Lack of examination resources probably is the least of the problems. The real concern of parents is the availability or lack of university places, once the students have passed the examination. It does not appear that anybody in authority is even planning towards the chaos that will ensue, which will reverberate throughout the next few years. But of course this is Ghana.
So in the face of all these problems, what is our President doing? He has been meeting with chiefs who are paying homage on a daily basis; he has been promising a giant statue of Nkrumah to be placed at Circle; and he has been appointing people to positions of responsibility, few of whom are competent in the areas they have been assigned.
Come on! This is the 21st century, the 6th decade of Ghana ruling itself. Our leaders cannot continue to rule like kings who, traditionally, must not be publicly criticised. Our leaders must not only act to solve problems but must also be seen doing so. This is why the seeming lack of urgency in how the President is tackling the current situation is worrying. This is no time to be receiving visitors who are bringing nothing to the table to solve problems and neither is it the time to be announcing inconsequential projects.
During a swearing-in ceremony on the 21st of February, the President expressed how uncomfortable he is with the current power situation. Mr. President, this is not a matter of comfort! This is a crisis situation and we want to see and feel your indignation. This is the one opportunity for you to demonstrate your ability to handle crisis and how quickly results accrue. In fact this is one occasion for you to show leadership!

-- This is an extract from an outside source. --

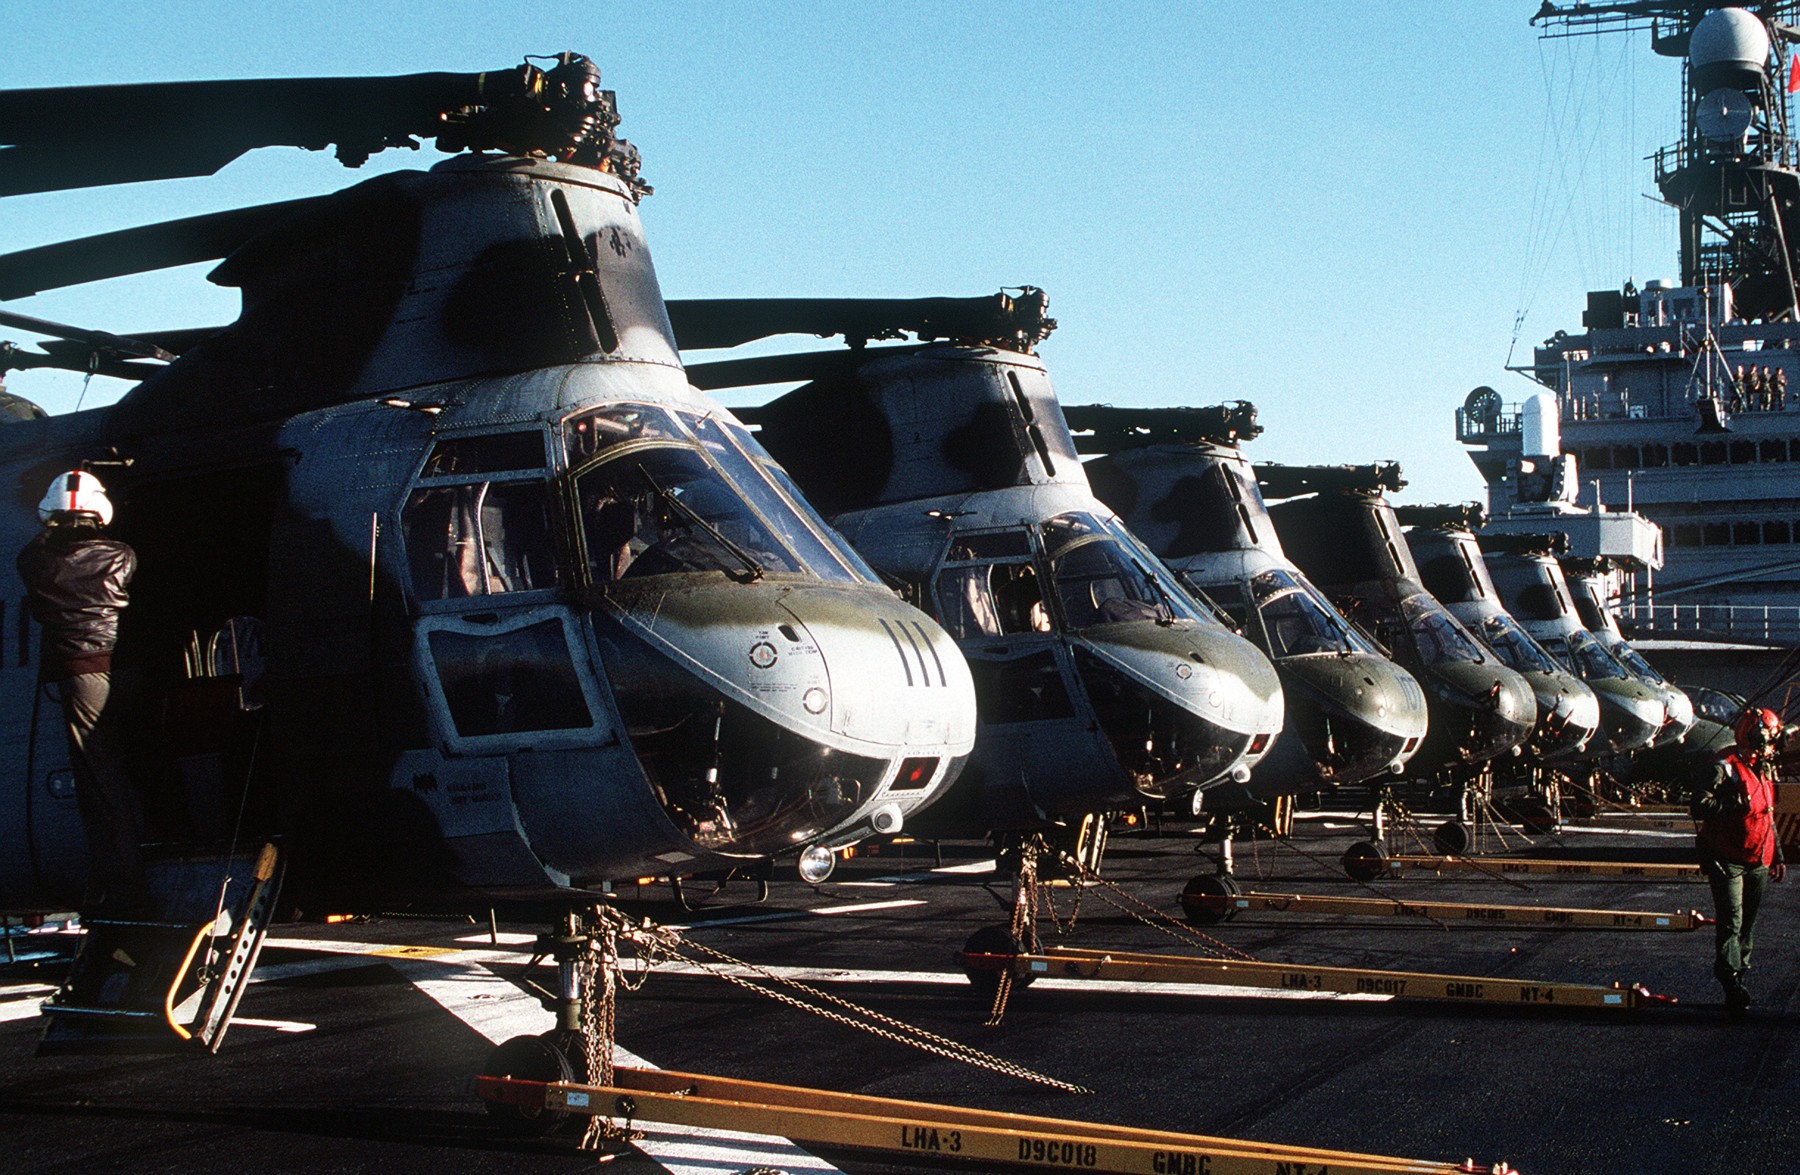 hmm-161 greyhawks marine medium helicopter squadron ch-46e sea knight usmc 03 uss belleau wood lha-3

In making this harsh criticism, I will illustrate with what happened elsewhere in crisis situations. In August of 2011, there was a riot in London which spread to the regions (especially Birmingham and Manchester). Everyone felt at the time that the police had been tardy. The Prime Minister (David Cameron) who was then on holidays in Italy, cut it short, to take charge of the situation. Within a day he had recalled parliament, held a meeting with all the Police Chief Constables in attendance to devise a strategy and also arranged for the courts to sit around the clock to deal with arrested rioters. With these measures the spread of the riot was contained within days. This is leadership in action. Another show of leadership is by President Obama after the December 15 2012 School shooting in Connecticut in the USA.
In visiting the affected community, he promised a new look at gun control laws and appealed to Congress to work with him on this. Within about five weeks he has proposed a multi-package set of laws for which he is travelling round the country to drum up support. How long ago was the Melcom disaster and has any investigation report come out? Is there to be any legislative follow up to prevent such incidents in future? So far, there is no indication. But why is this so? Of course this is Ghana where no one in authority cares or chases issues through to resolution.
Thinking about the leadership crisis in our country, I have wondered whether our Constitution, apart from prescribing nationality and age, should have gone on further to prescribe the sort of competencies our Presidents, Ministers, MPs, Council of State members, DCEs and MCEs should have before putting themselves up for election or appointment. It seems we are only good at implementing the prescriptive parts of the Constitution, at times even reluctantly. But where the Constitution gives latitude for us to do due diligence, be creative, innovative and original in running the affairs of the nation, we are failing BIG TIME! This is why some are calling for a unitary national development agenda but who is to say implementation of such an agenda would even be entrusted to competent individuals?